## EXERCISE DETAILS
Would you reproduce the whole listing exactly, minus its images?

## SUPPLIED INFORMATION

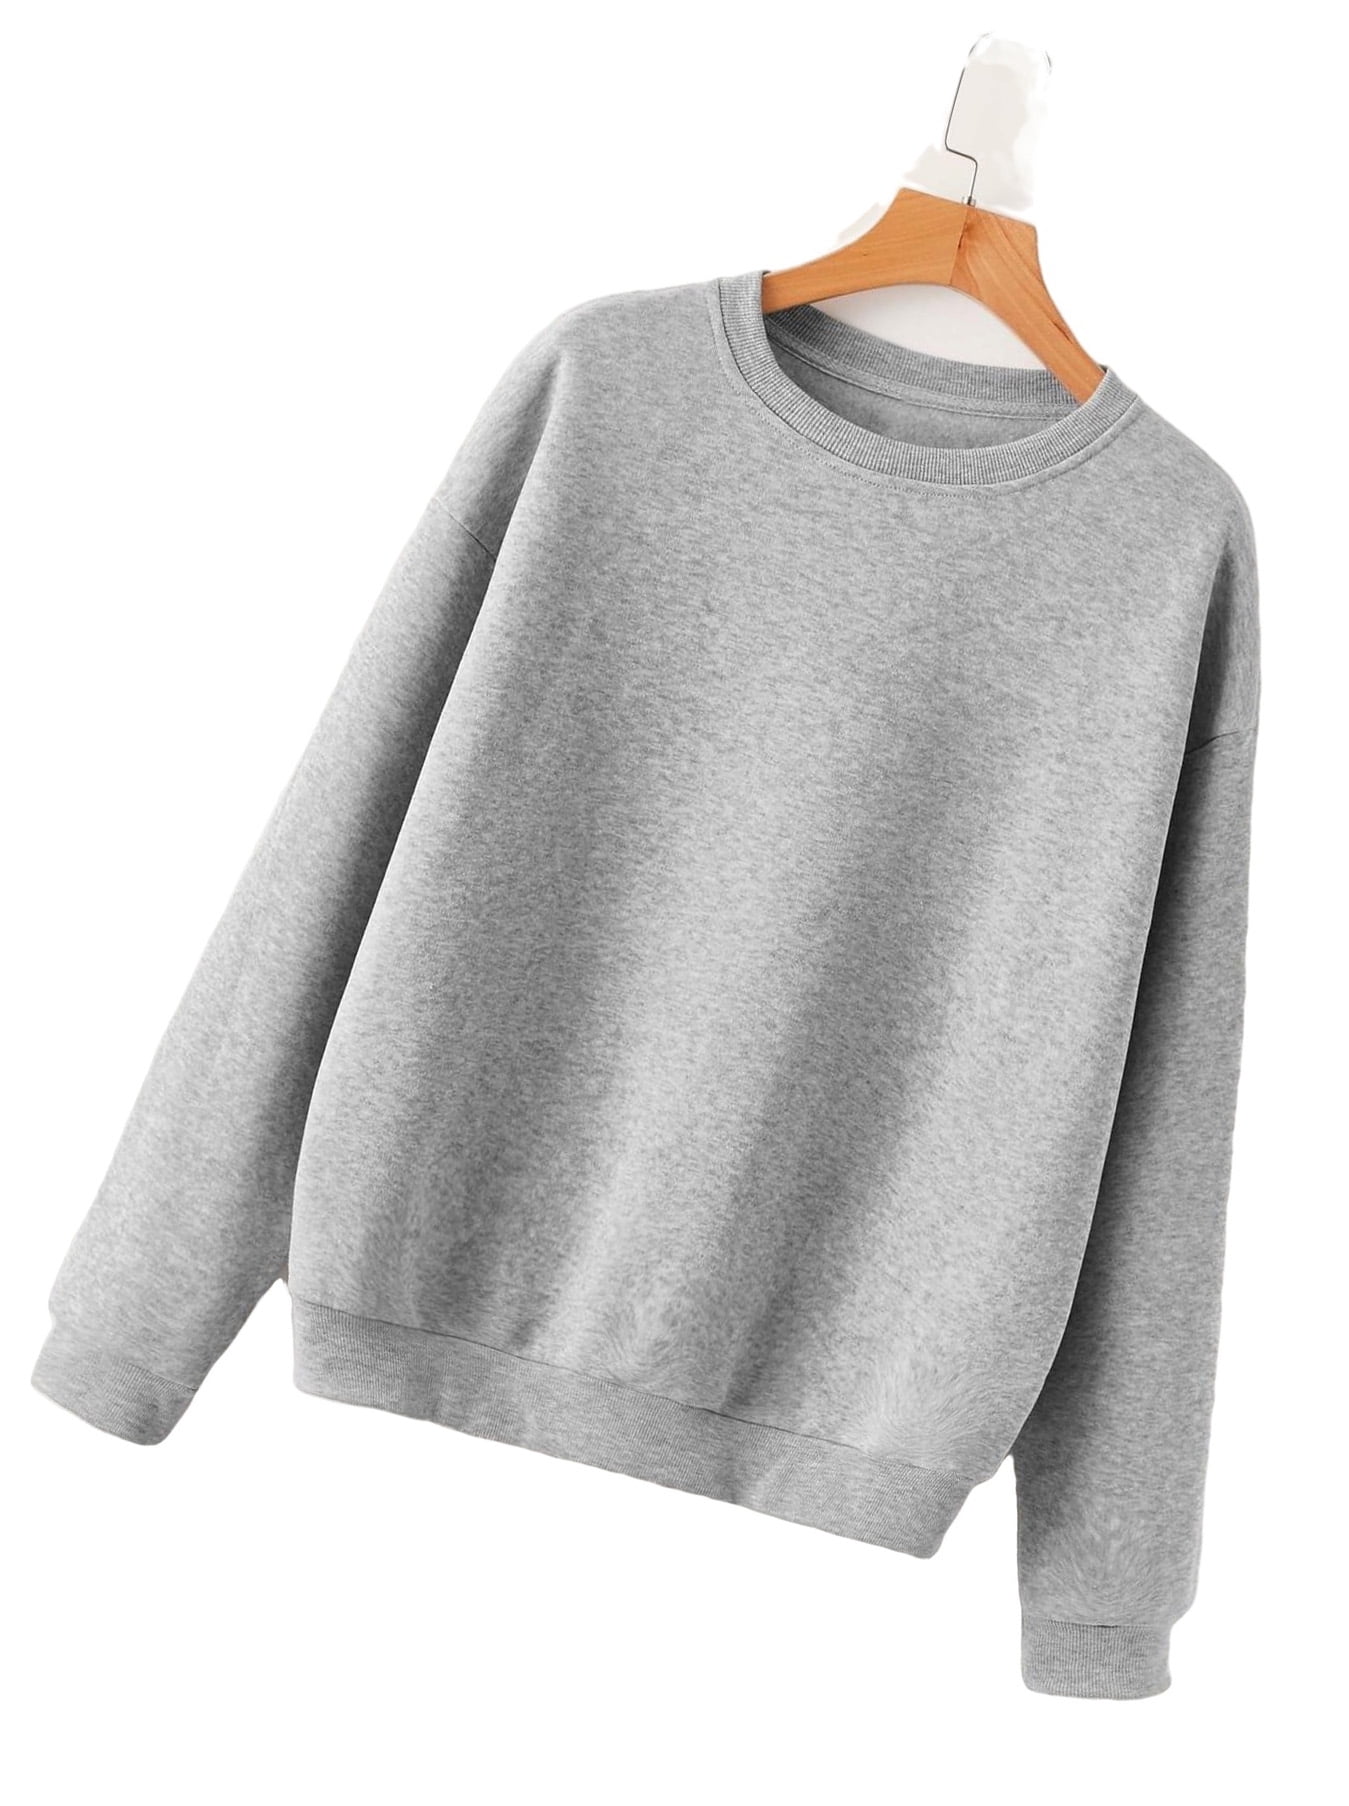 Casual Plain Round Neck Pullovers Long Sleeve Grey Women Sweatshirts ...
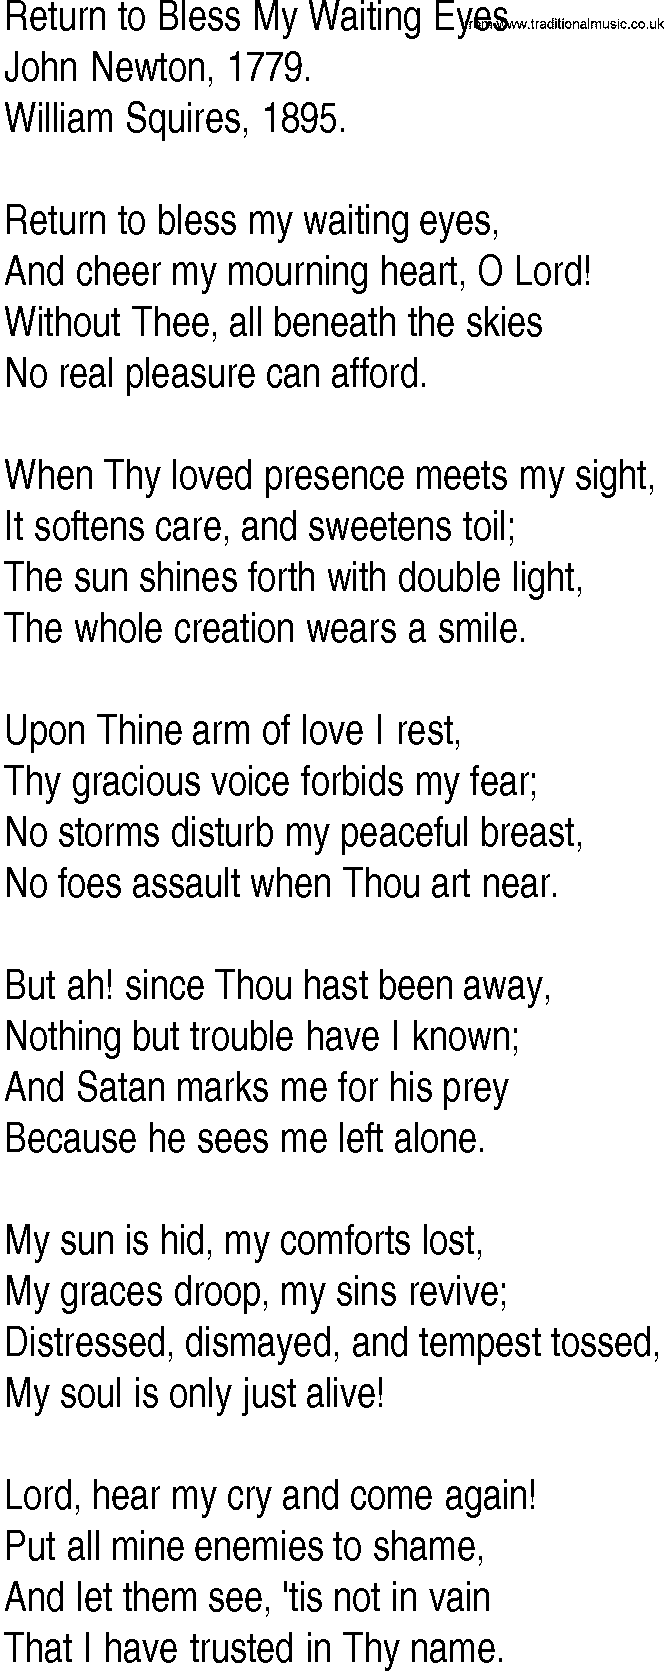 Hymn and Gospel Song: Return to Bless My Waiting Eyes by John Newton lyrics
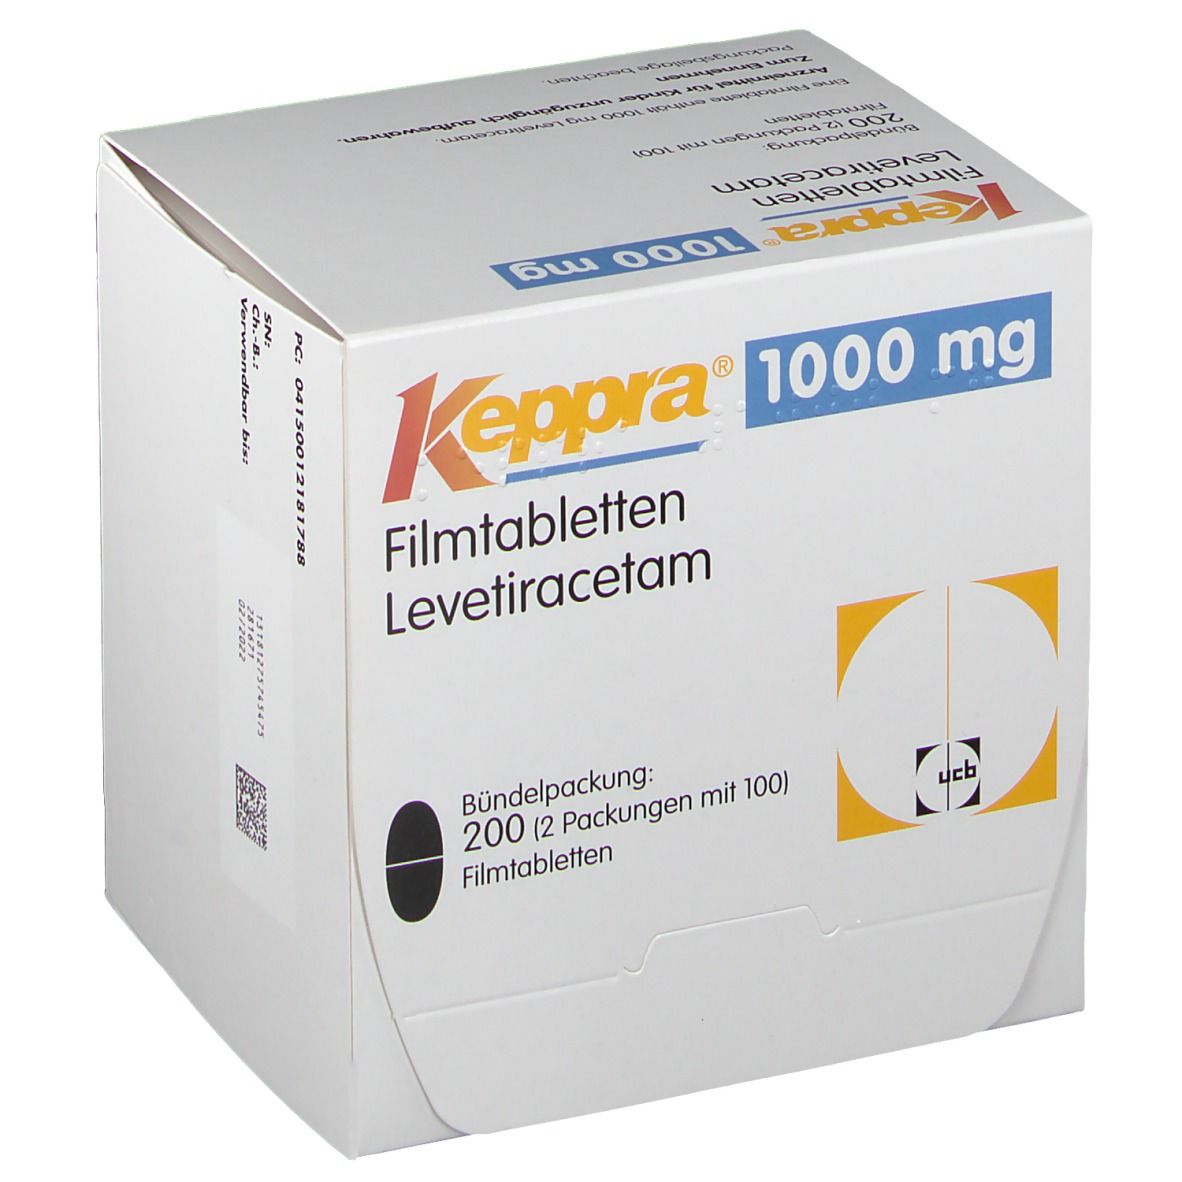 Keppra® 1000 mg
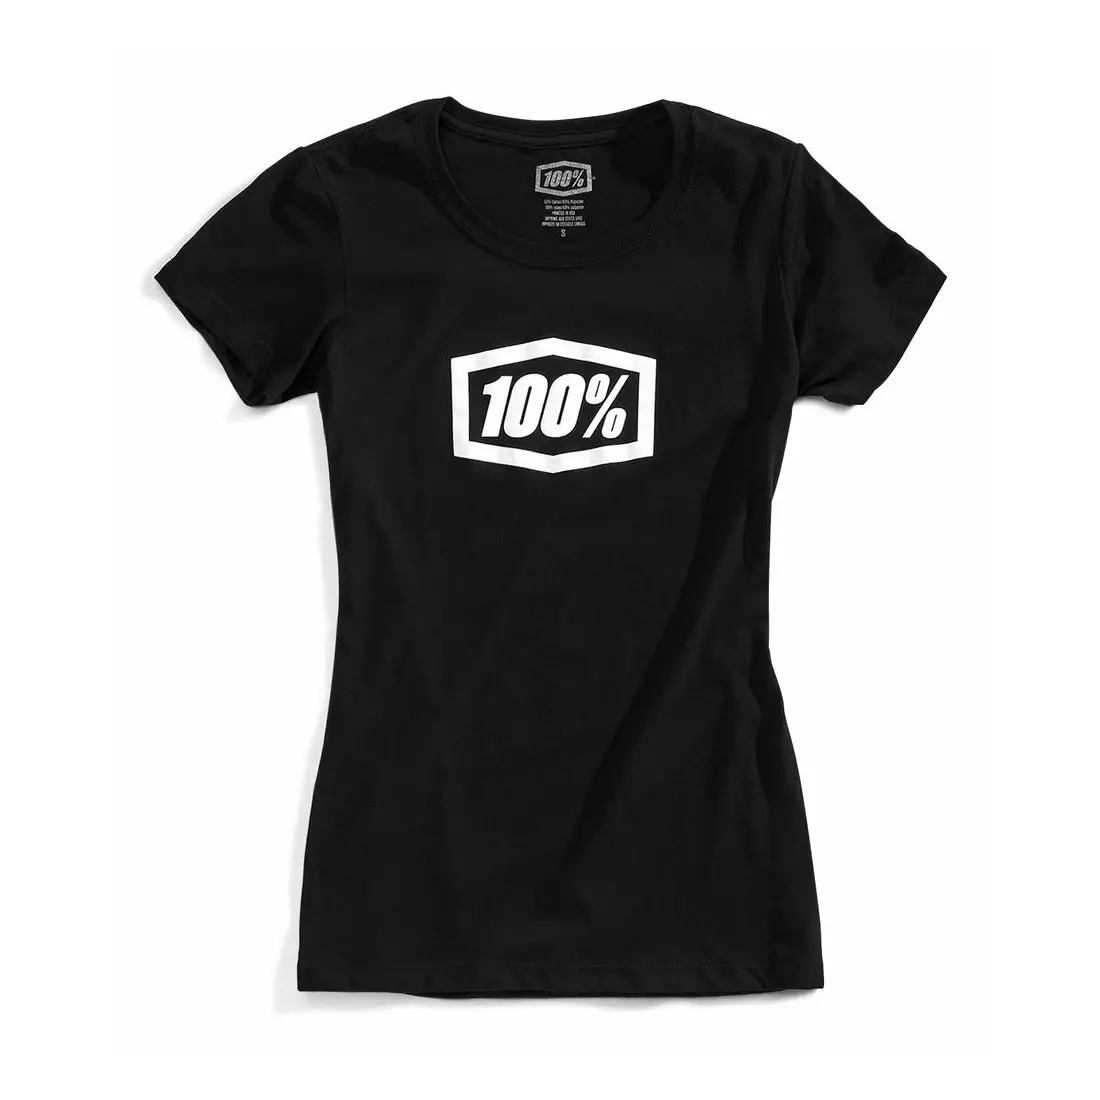 100% ladies' short sleeve T-shirt essential black STO-28016-001-10

## SOLVED PROBLEM
 Casual Plain Round Neck Pullovers Long Sleeve Grey Women Sweatshirts ...
 Hymn and Gospel Song: Return to Bless My Waiting Eyes by John Newton lyrics
 Keppra® 1000 mg
 100% ladies' short sleeve T-shirt essential black STO-28016-001-10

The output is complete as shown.